Module haystack_experimental.components.splitters.hierarchical_doc_splitter
HierarchicalDocumentSplitter
Splits a documents into different block sizes building a hierarchical tree structure of blocks of different sizes.
The root node of the tree is the original document, the leaf nodes are the smallest blocks. The blocks in between are connected such that the smaller blocks are children of the parent-larger blocks.
Usage example
from haystack import Document
from haystack_experimental.components.splitters import HierarchicalDocumentSplitter
doc = Document(content="This is a simple test document")

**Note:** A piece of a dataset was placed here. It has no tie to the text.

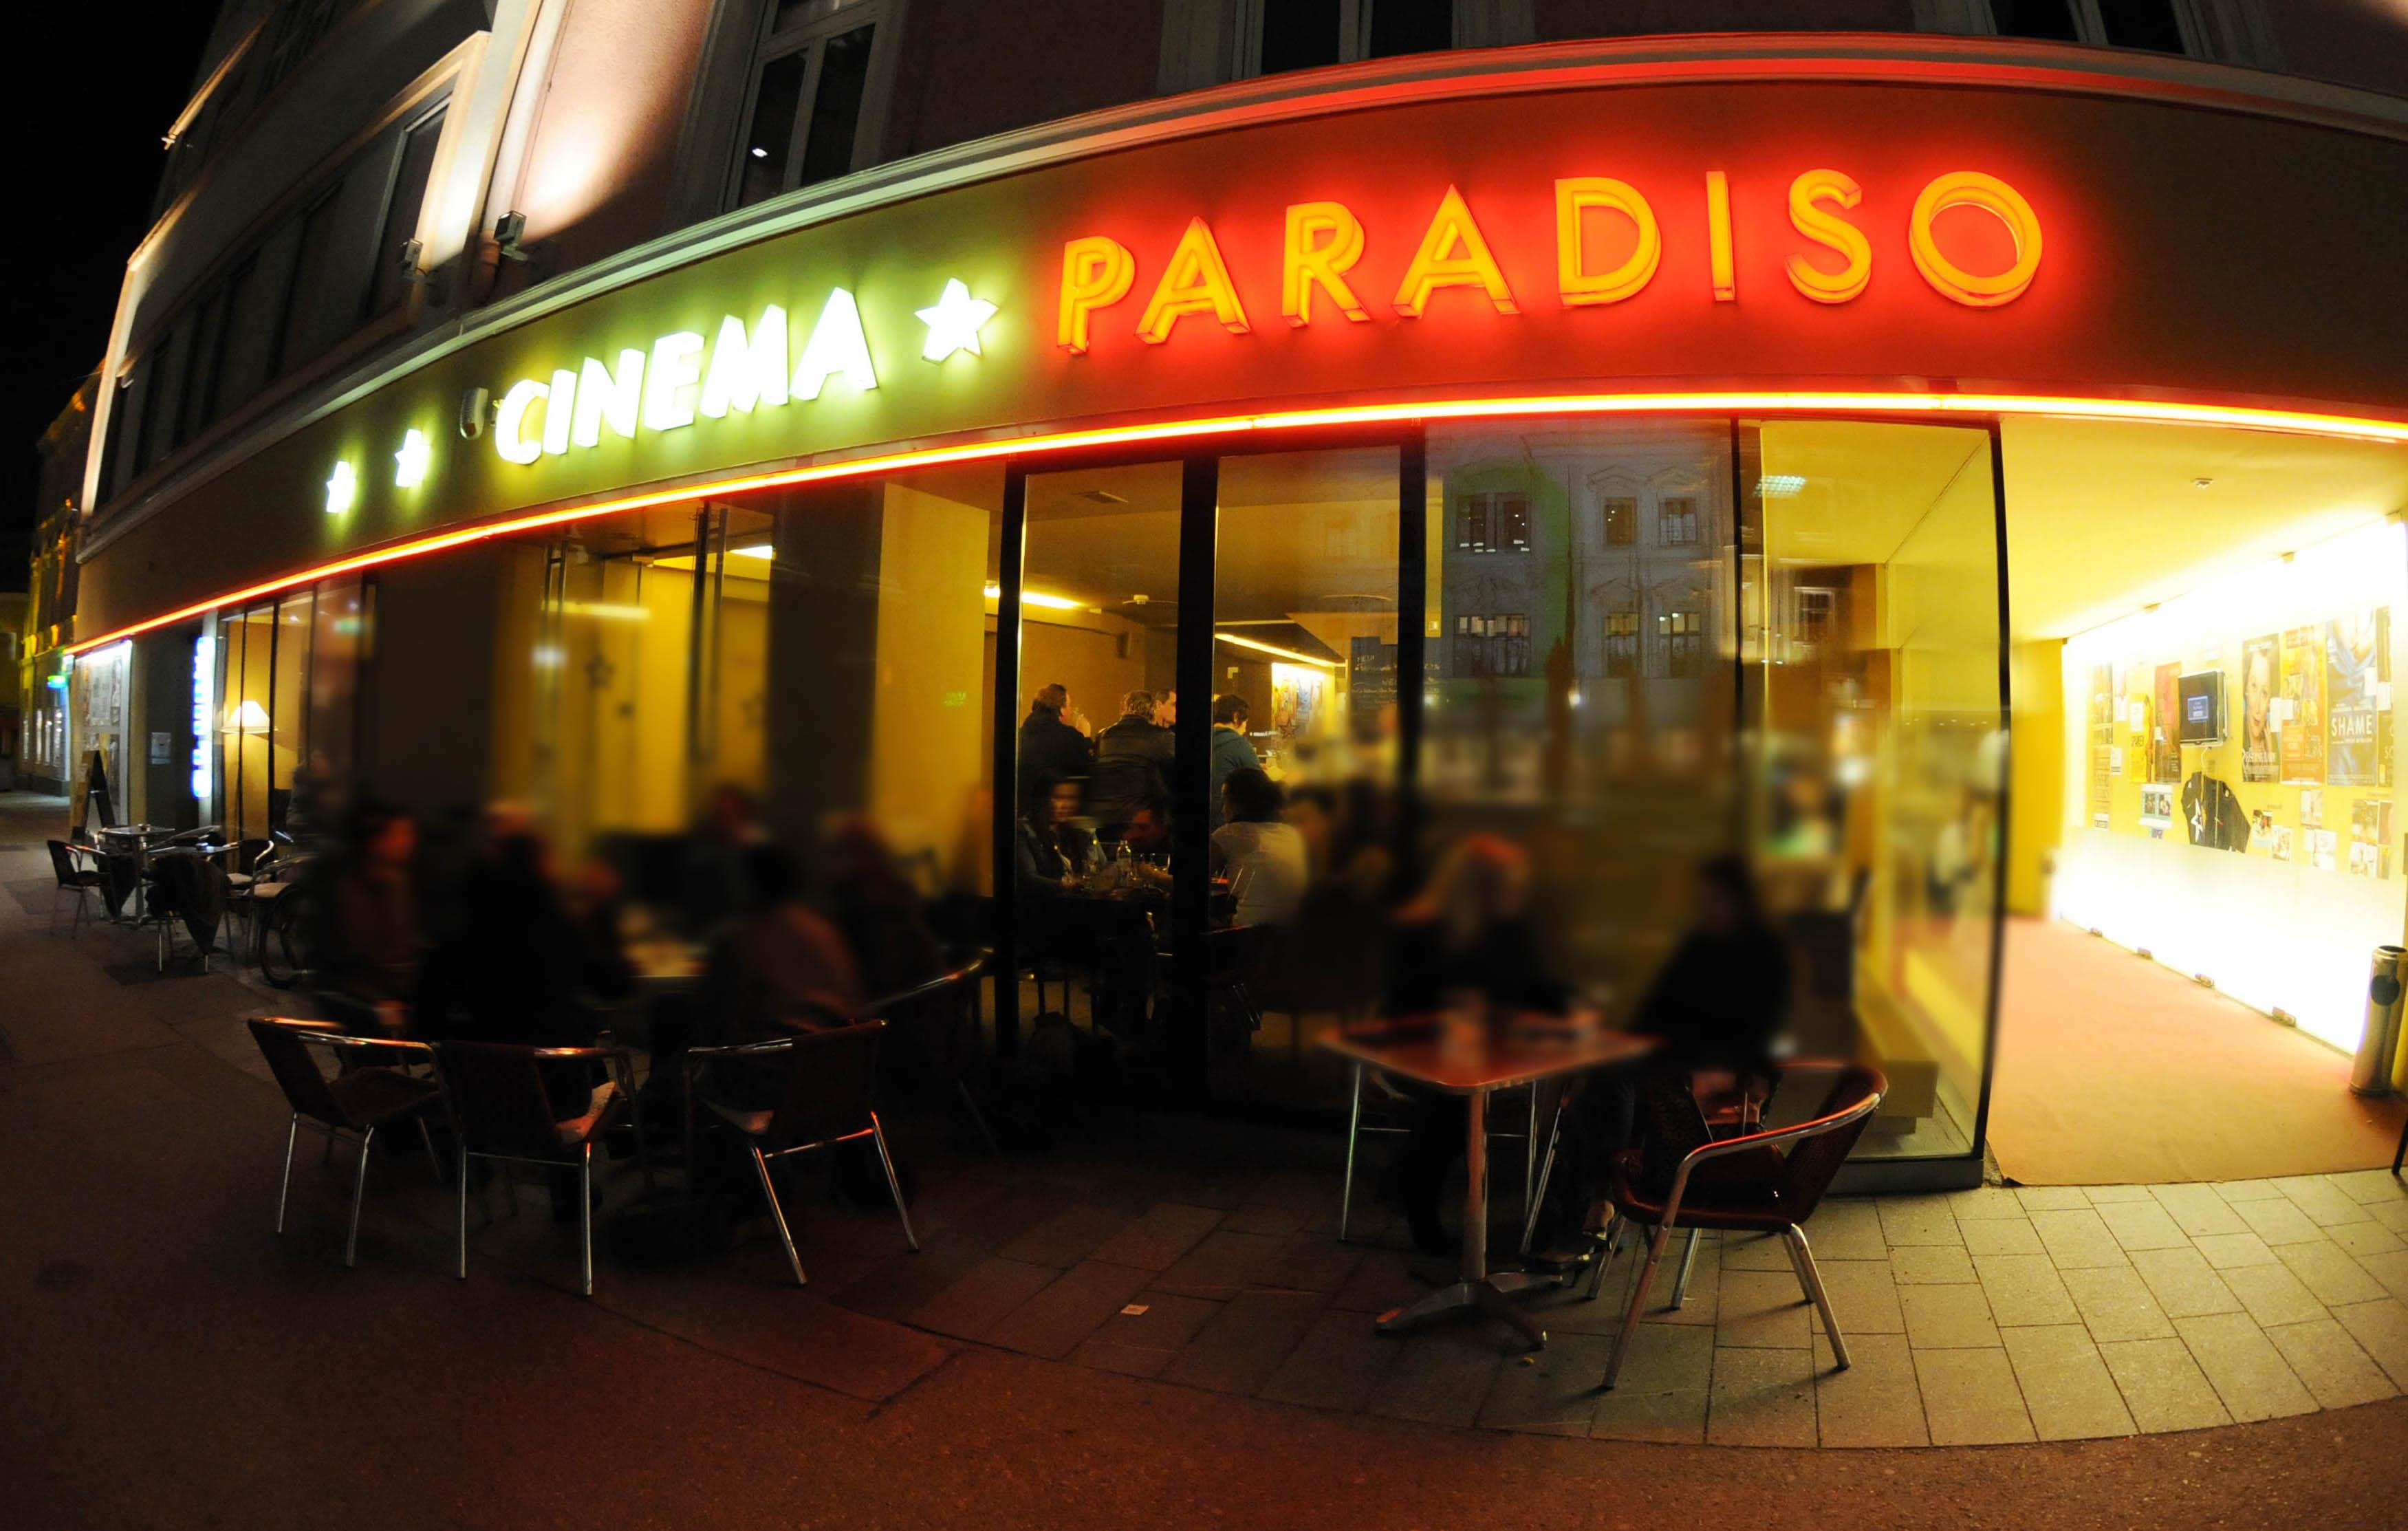 Andrea Reischer/Cinema Paradiso

splitter = HierarchicalDocumentSplitter(block_sizes=[3, 2], split_overlap=0, split_by="word")
splitter.run([doc])
>> {'documents': [Document(id=3f7..., content: 'This is a simple test document', meta: {'block_size': 0, 'parent_id': None, 'children_ids': ['5ff..', '8dc..'], 'level': 0}),
>> Document(id=5ff.., content: 'This is a ', meta: {'block_size': 3, 'parent_id': '3f7..', 'children_ids': ['f19..', '52c..'], 'level': 1, 'source_id': '3f7..', 'page_number': 1, 'split_id': 0, 'split_idx_start': 0}),
>> Document(id=8dc.., content: 'simple test document', meta: {'block_size': 3, 'parent_id': '3f7..', 'children_ids': ['39d..', 'e23..'], 'level': 1, 'source_id': '3f7..', 'page_number': 1, 'split_id': 1, 'split_idx_start': 10}),
>> Document(id=f19.., content: 'This is ', meta: {'block_size': 2, 'parent_id': '5ff..', 'children_ids': [], 'level': 2, 'source_id': '5ff..', 'page_number': 1, 'split_id': 0, 'split_idx_start': 0}),
>> Document(id=52c.., content: 'a ', meta: {'block_size': 2, 'parent_id': '5ff..', 'children_ids': [], 'level': 2, 'source_id': '5ff..', 'page_number': 1, 'split_id': 1, 'split_idx_start': 8}),
>> Document(id=39d.., content: 'simple test ', meta: {'block_size': 2, 'parent_id': '8dc..', 'children_ids': [], 'level': 2, 'source_id': '8dc..', 'page_number': 1, 'split_id': 0, 'split_idx_start': 0}),
>> Document(id=e23.., content: 'document', meta: {'block_size': 2, 'parent_id': '8dc..', 'children_ids': [], 'level': 2, 'source_id': '8dc..', 'page_number': 1, 'split_id': 1, 'split_idx_start': 12})]}
HierarchicalDocumentSplitter.__init__
def __init__(block_sizes: Set[int],
split_overlap: int = 0,
split_by: Literal["word", "sentence", "page",
"passage"] = "word")
Initialize HierarchicalDocumentSplitter.
Arguments:
block_sizes
: Set of block sizes to split the document into. The blocks are split in descending order.split_overlap
: The number of overlapping units for each split.split_by
: The unit for splitting your documents.
HierarchicalDocumentSplitter.run
@component.output_types(documents=List[Document])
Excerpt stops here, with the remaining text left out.